Contoh Naskah Khutbah Jumat: Pelajaran di Balik Protokol Kesehatan Saat Pandemi Covid-19

Siti Resa Mutoharoh - Jumat, 9 Juli 2021, 9:51 WIB

Ilustrasi Masjid Raya BandungIlustrasi Contoh Naskah Khutbah Jumat: Pelajaran di Balik Protokol Kesehatan Saat Pandemi Covid-19/Shammil Fachrial Suryapraja/FIX Indonesia

FIXINDONESIA.COM - Seluruh umat Islam laki-laki berkewajiban untuk melaksanakan sholat Jumat. Berikut ini adalah contoh naskah khutbah Jumat berjudul "Pelajaran di Balik Protokol Kesehatan Saat Pandemi Covid-19". 

Naskah Khutbah Jumat I "Pelajaran di Balik Protokol Kesehatan Saat Pandemi Covid-19"
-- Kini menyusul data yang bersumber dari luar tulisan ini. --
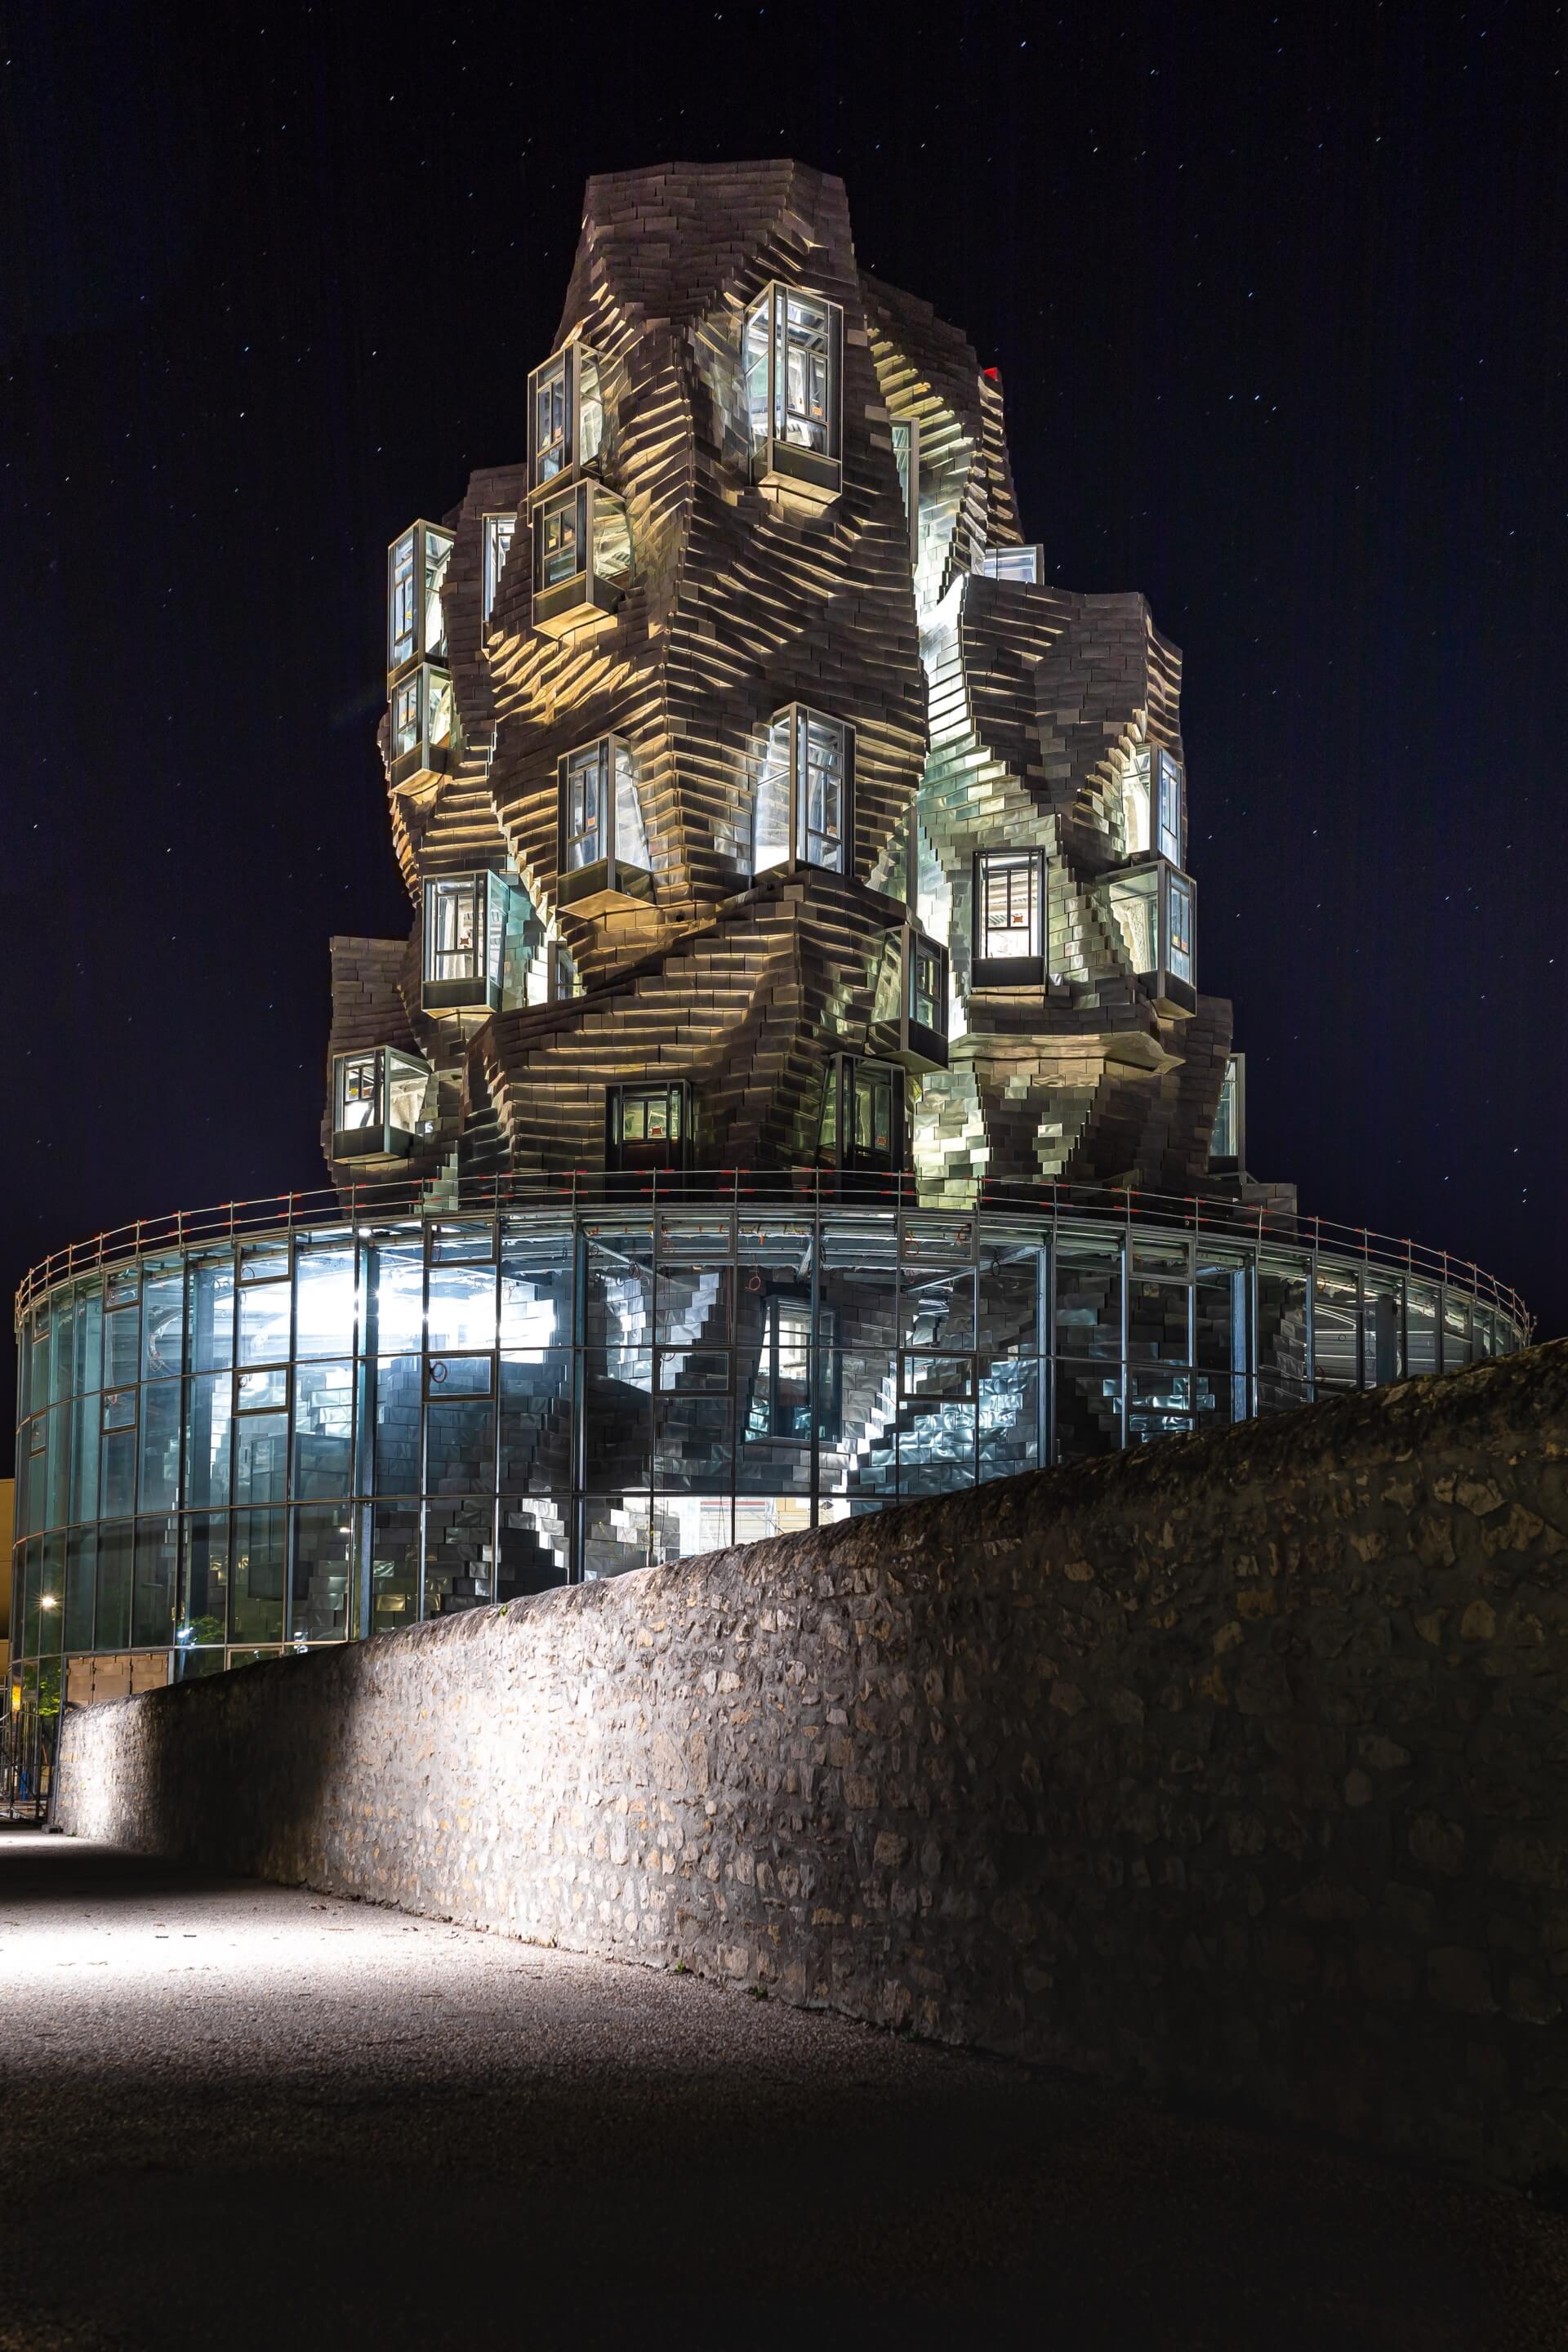 A twisted metal tower atop a circular structure, photographed at night in Loma Arles

  الحَمْدُ للهِ الَّذِيْ أَنْزَلَ السَّكِيْنَةَ عَلَى قُلُوْبِ اْلمُسْلِمِيْنَ المُؤْمِنِيْنَ وَجَعَلَ الضِّياَقَ عَلَى قُلُوْبِ الْمُنَافِقِيْنَ وَالْكَافِرِيْنَ. أَشْهَدُ أَنْ لَا إِلَهَ إِلَّا اللهُ الْمَلِكُ اْلحَقُّ اْلمُبِيْنُ. وَأَشْهَدُ أَنَّ مُحَمَّدًا عَبْدُهُ وَرَسُوْلُهُ الصَّادِقُ الْوَعْدِ الأَمِيْنِ. اللَّهُمَّ صَلِّ وَسَلمِّ عَلَى سَيِّدِنَا وَمَوْلَانَا مُحَمَّدٍ المَبْعُوْثِ رَحْمَةً لِلْعَالَمِيْنَ وَعَلَى آلِهِ وَصَحْبِهِ وَالتَّابِعِيْنَ لَاحَوْلَ وَلَاقُوَّةَ إِلَّا بِاللهِ اْلعَلِيِّ اْلعَظِيْمِ. أَمَّا بَعْدُ أَيُّهاَ اْلحَاضِرُوْنَ اْلمُسْلِمُوْنَ حَفِظَكُمُ اللهُ أُوْصِيْكُمْ وَإِيَّايَ بِتَقْوَى اللهِ. قَالَ اللهُ تَعَالىَ فِي كِتَابِهِ الْكَرِيْمِ: وَمَن يَتَّقِ اللَّهَ يَجْعَل لَّهُ مَخْرَجًا وَيَرْزُقْهُ مِنْ حَيْثُ لَا يَحْتَسِبُ ۚ وَمَن يَتَوَكَّلْ عَلَى ٱللَّهِ فَهُوَ حَسْبُهُۥٓ ۚ إِنَّ ٱللَّهَ بَٰلِغُ أَمْرِهِۦ ۚ قَدْ جَعَلَ ٱللَّهُ لِكُلِّ شَىْءٍ قَدْرًا   

Ma’asyiral Muslimin rahimakumullah, Dalam berbagai macam situasi dan kondisi apa pun, marilah kita senantiasa meningkatkan keimanan dan ketakwaan kita kepada Allah subhanahu wata’ala. Kita harus menyadari bahwa segala yang terjadi dalam kehidupan kita di dunia ini merupakan takdir dan kehendak-Nya.
Tidak ada yang bisa mendatangkan nikmat dan tidak ada yang bisa menerima tobat kecuali Allah subhanahu wata’ala. Dialah yang paling berkuasa atas kehidupan manusia di bumi ini karena semua berasal dari Allah dan semua akan kembali kepada-Nya. Allah subhanahu wata’ala berfirman dalam Al-Qur’an Surat al-Baqarah ayat 156:

Baca juga: Naskah Khutbah Jumat: Inilah Keutamaan Berbakti kepada Orang Tua

ٱلَّذِينَ إِذَآ أَصَٰبَتْهُم مُّصِيبَةٌ قَالُوٓا إِنَّا لِلَّهِ وَإِنَّآ إِلَيْهِ رجِعُونَ 
Artinya: “(yaitu) orang-orang yang apabila ditimpa musibah, mereka mengucapkan ‘Inna lillâhi wa innâ ilaihi râji‘ûn’ (sesungguhnya kami milik Allah dan kepada-Nyalah kami kembali).”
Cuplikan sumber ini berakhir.